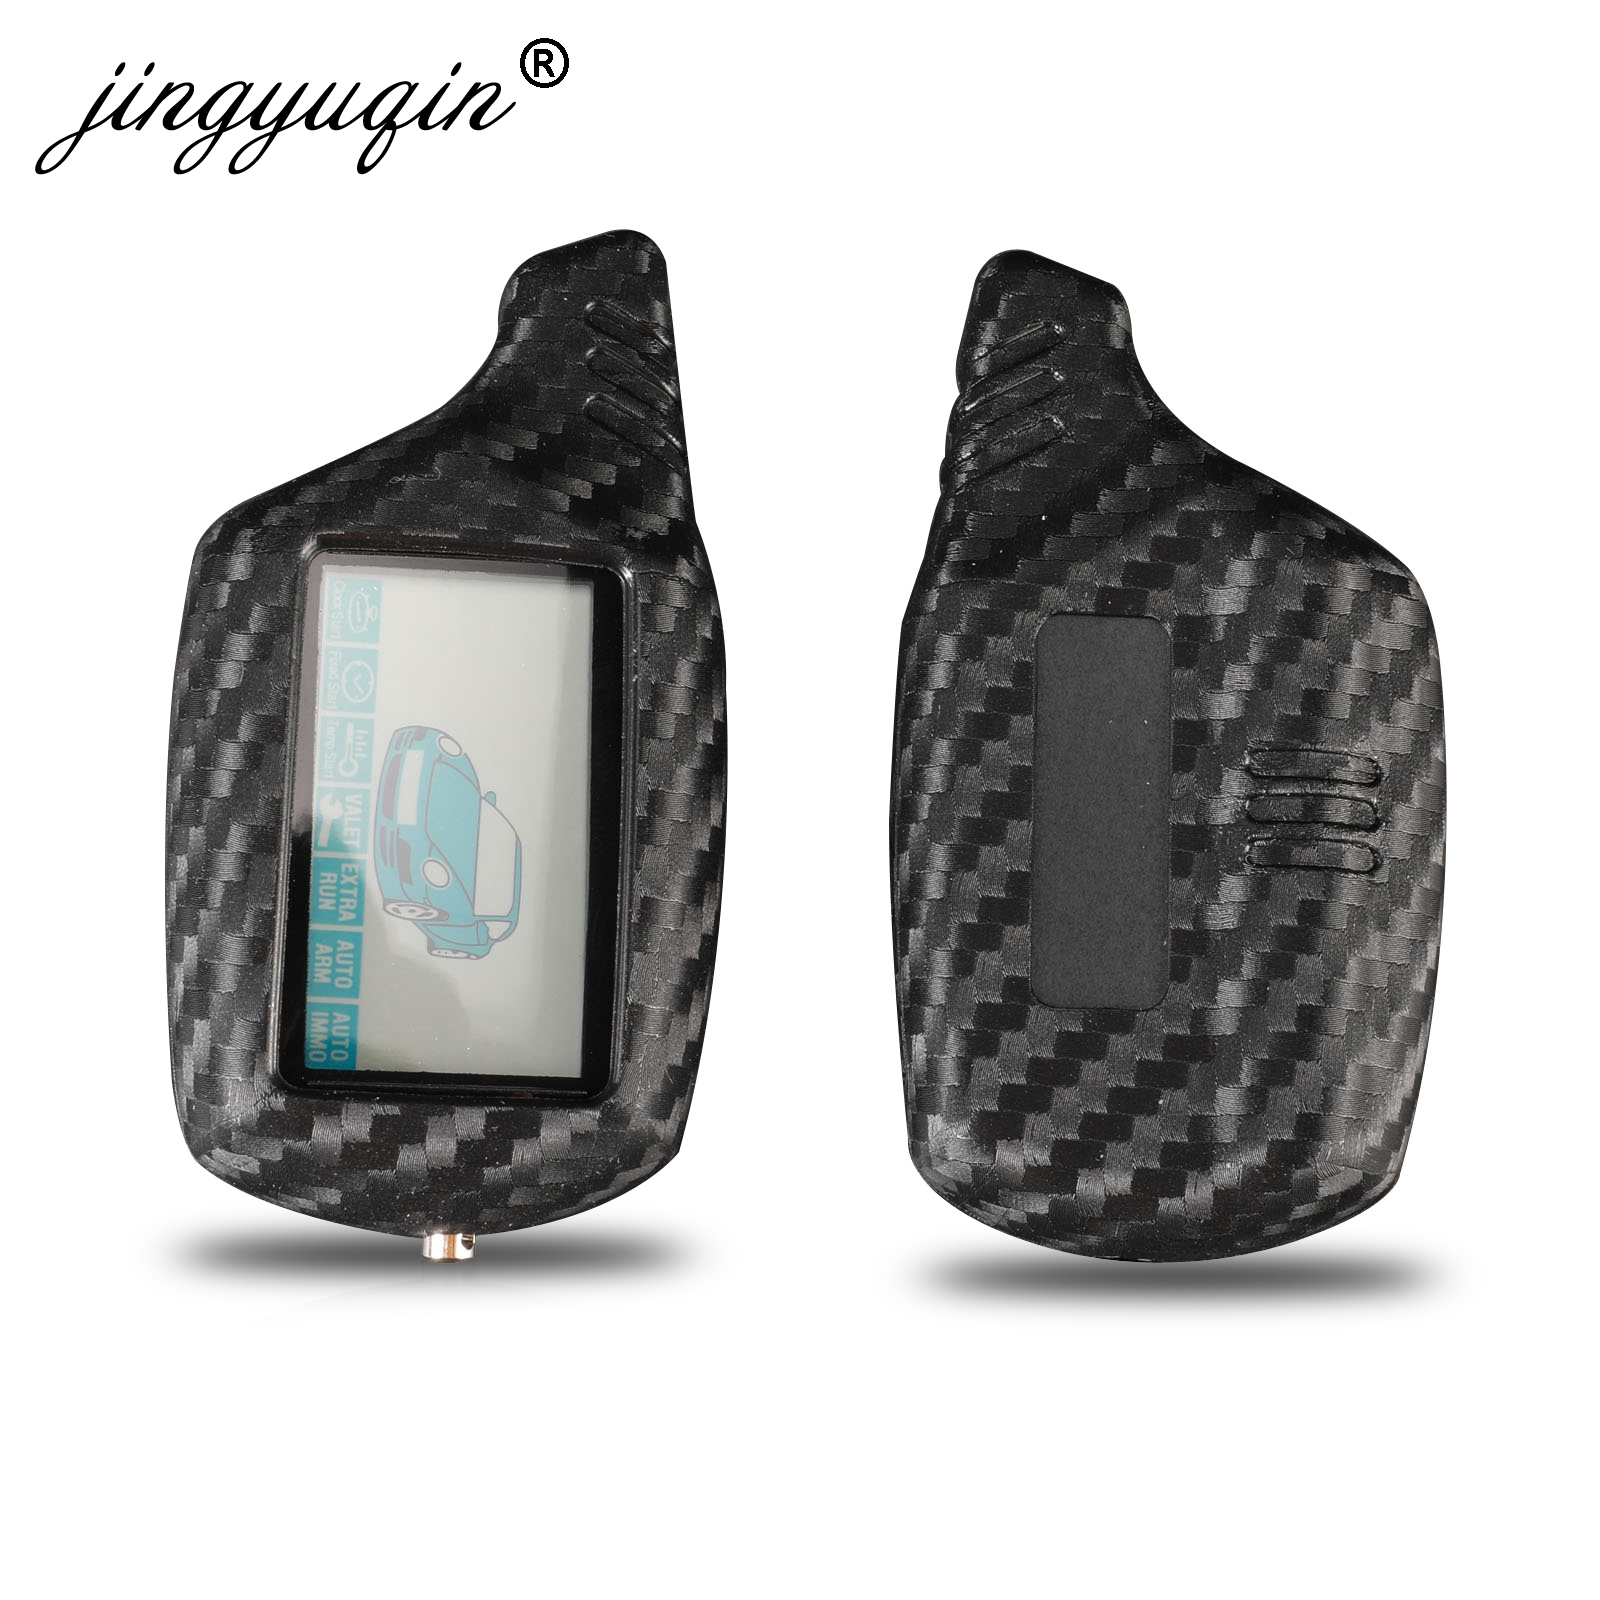 Jingyuqin B9 LCD Alarm Carbon Silicone Key Cover Case For Starline B91 B6 B61 A91 A61 C9 V7 Jaguar Remote 2 Way Alarm Keychain
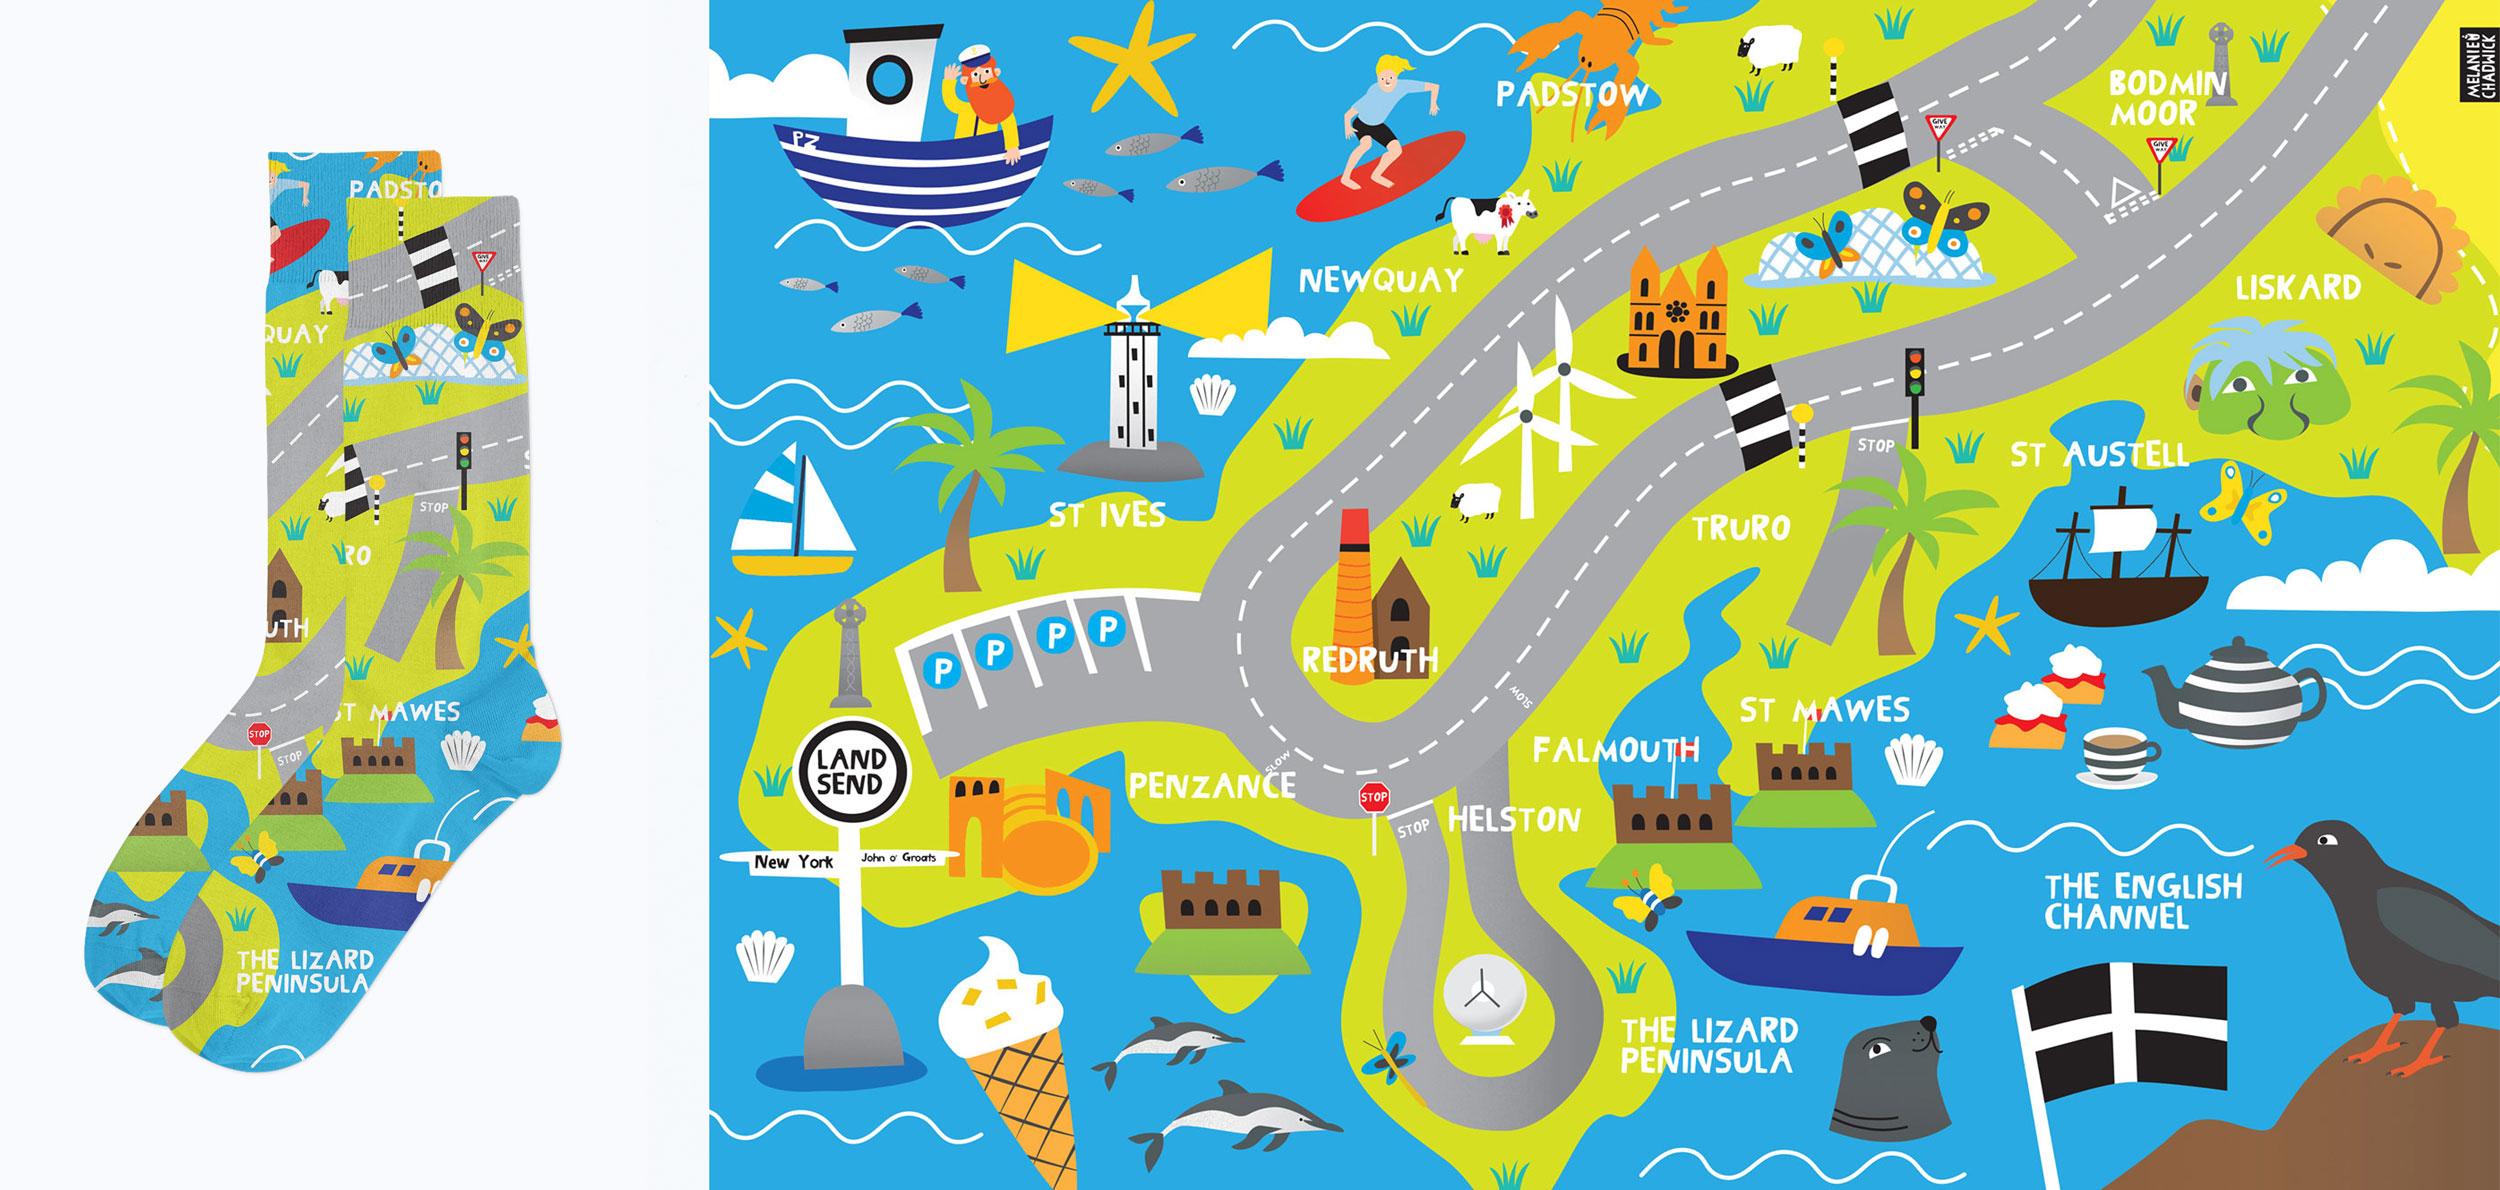 Socks-cornwall-map-illustration-Melanie-Chadwick
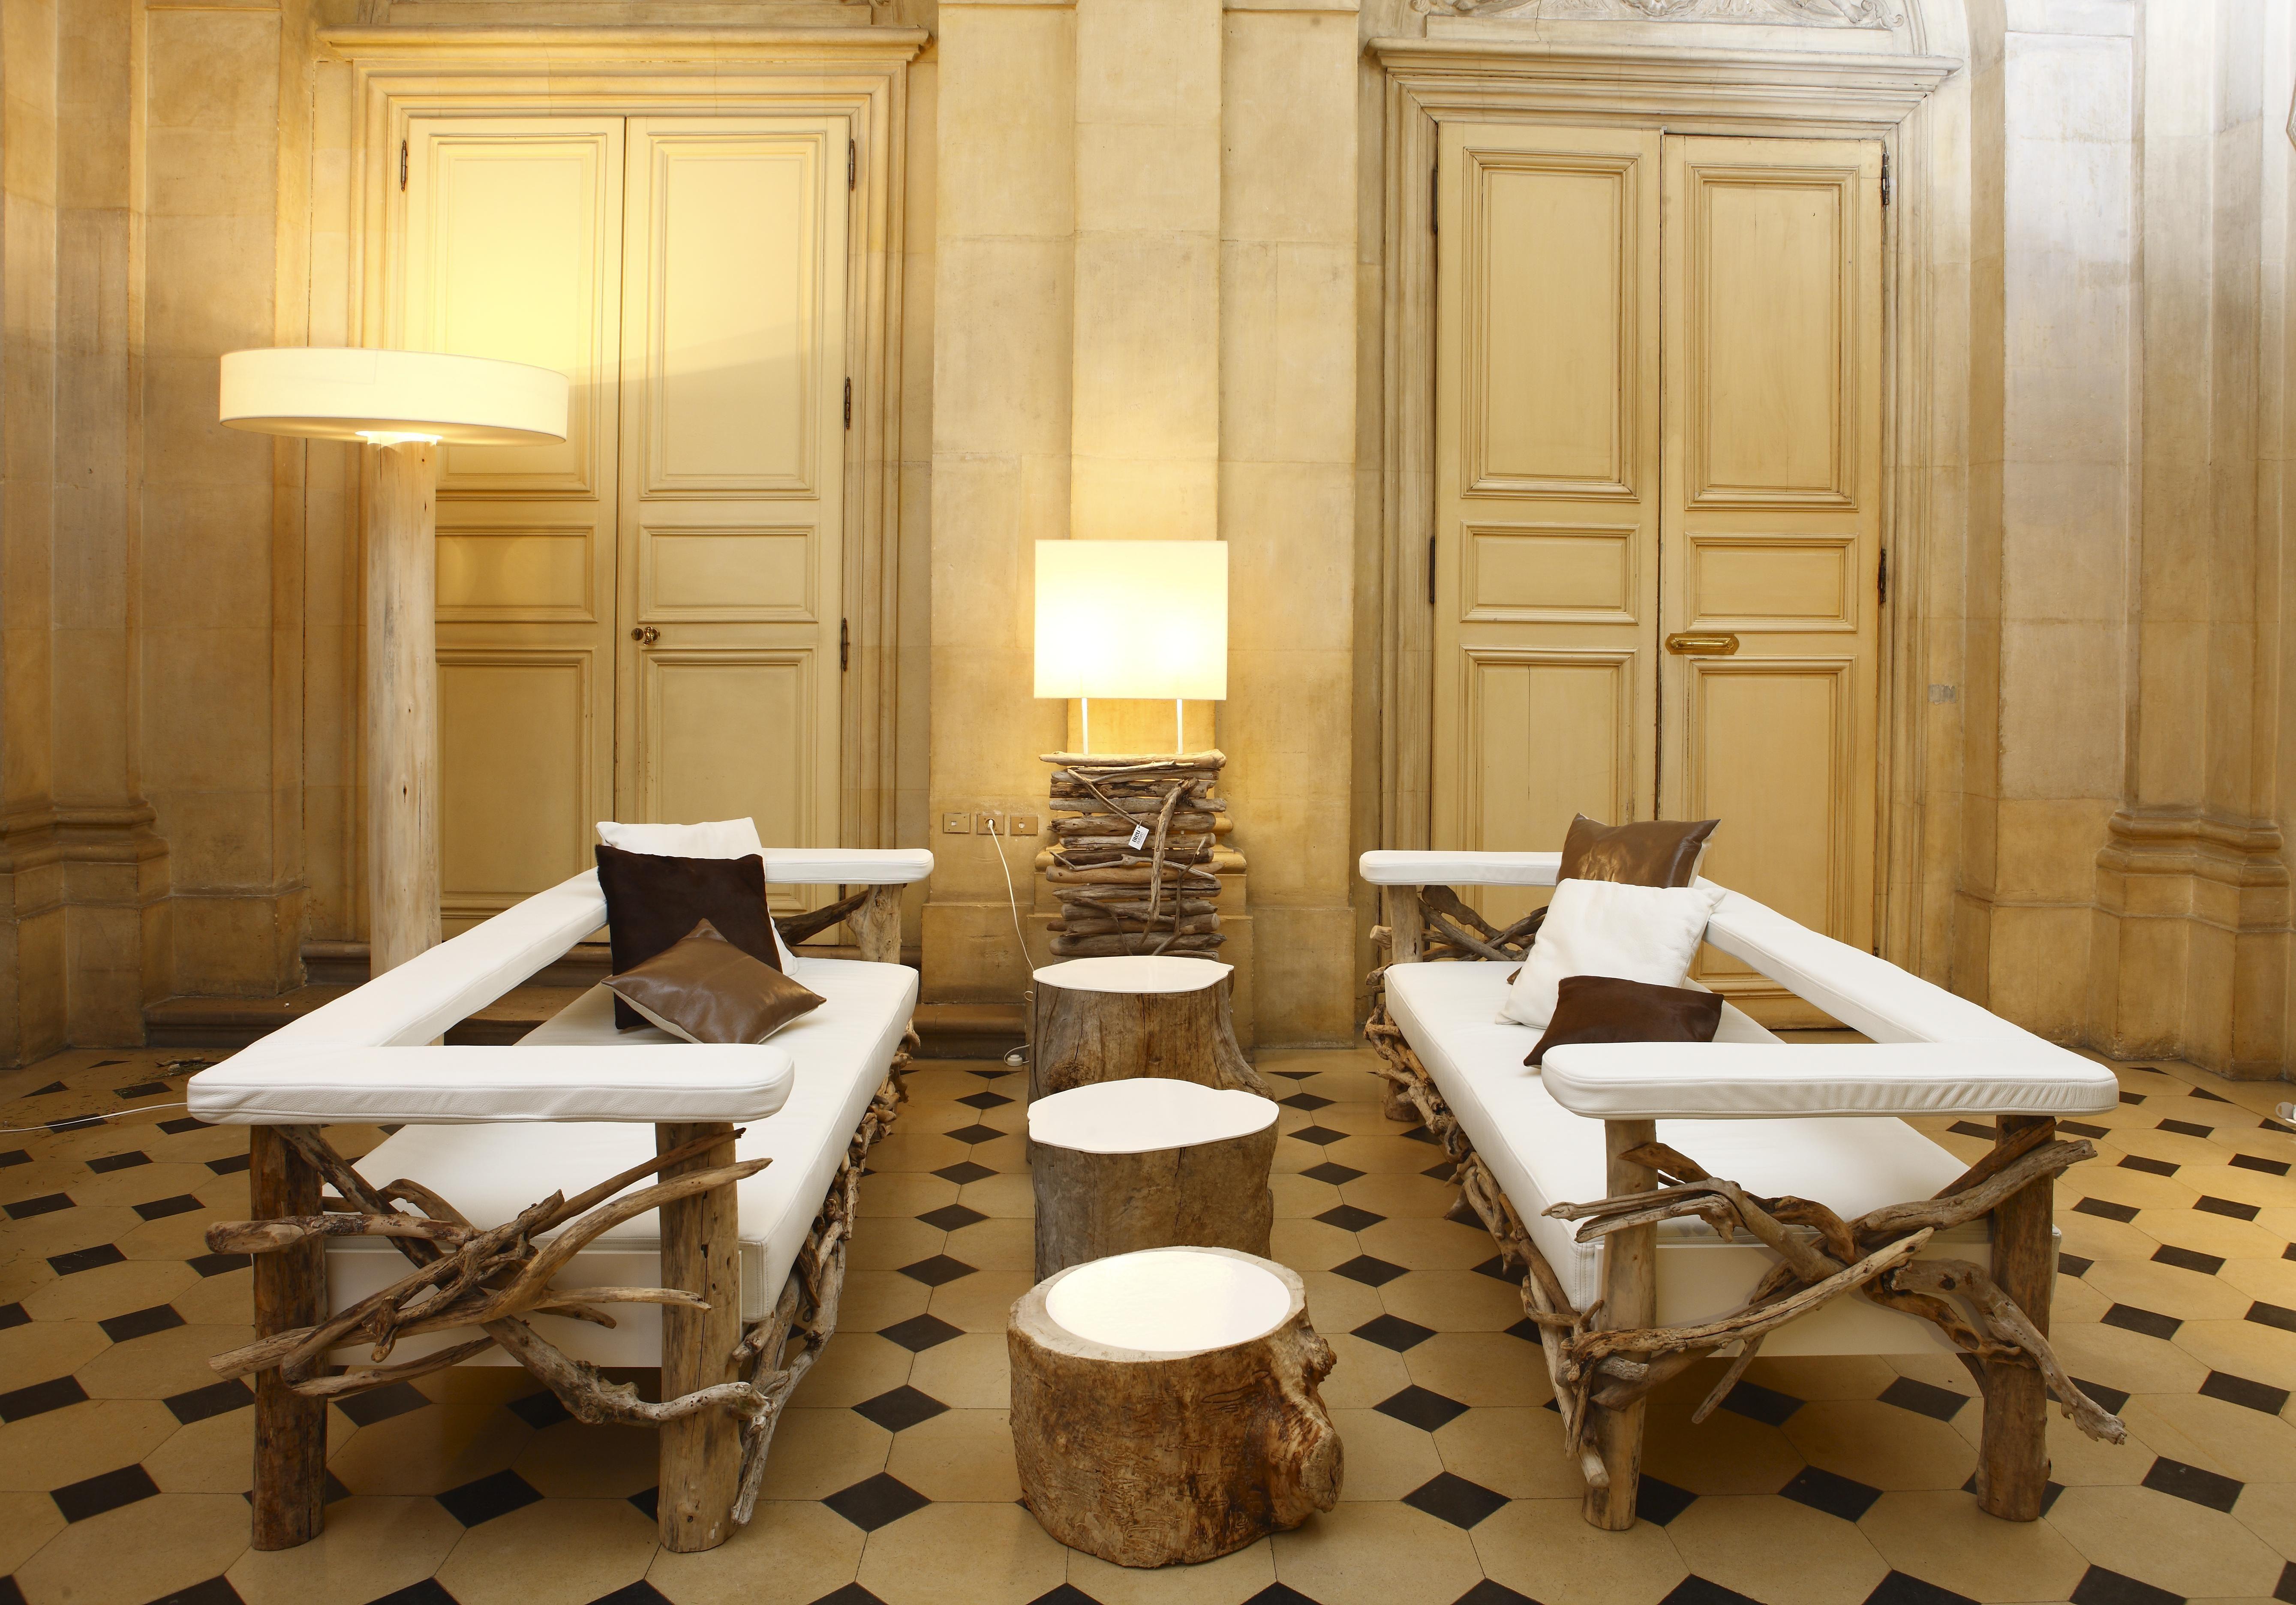 bleu nature minist re de l 39 cologie paris france bleu nature project furniture. Black Bedroom Furniture Sets. Home Design Ideas

*Your task*. Would you please transcribe the listing in full, exactly, while omitting the images?

*Answer*.
 Jingyuqin B9 LCD Alarm Carbon Silicone Key Cover Case For Starline B91 B6 B61 A91 A61 C9 V7 Jaguar Remote 2 Way Alarm Keychain
 Socks-cornwall-map-illustration-Melanie-Chadwick
 bleu nature minist re de l 39 cologie paris france bleu nature project furniture. Black Bedroom Furniture Sets. Home Design Ideas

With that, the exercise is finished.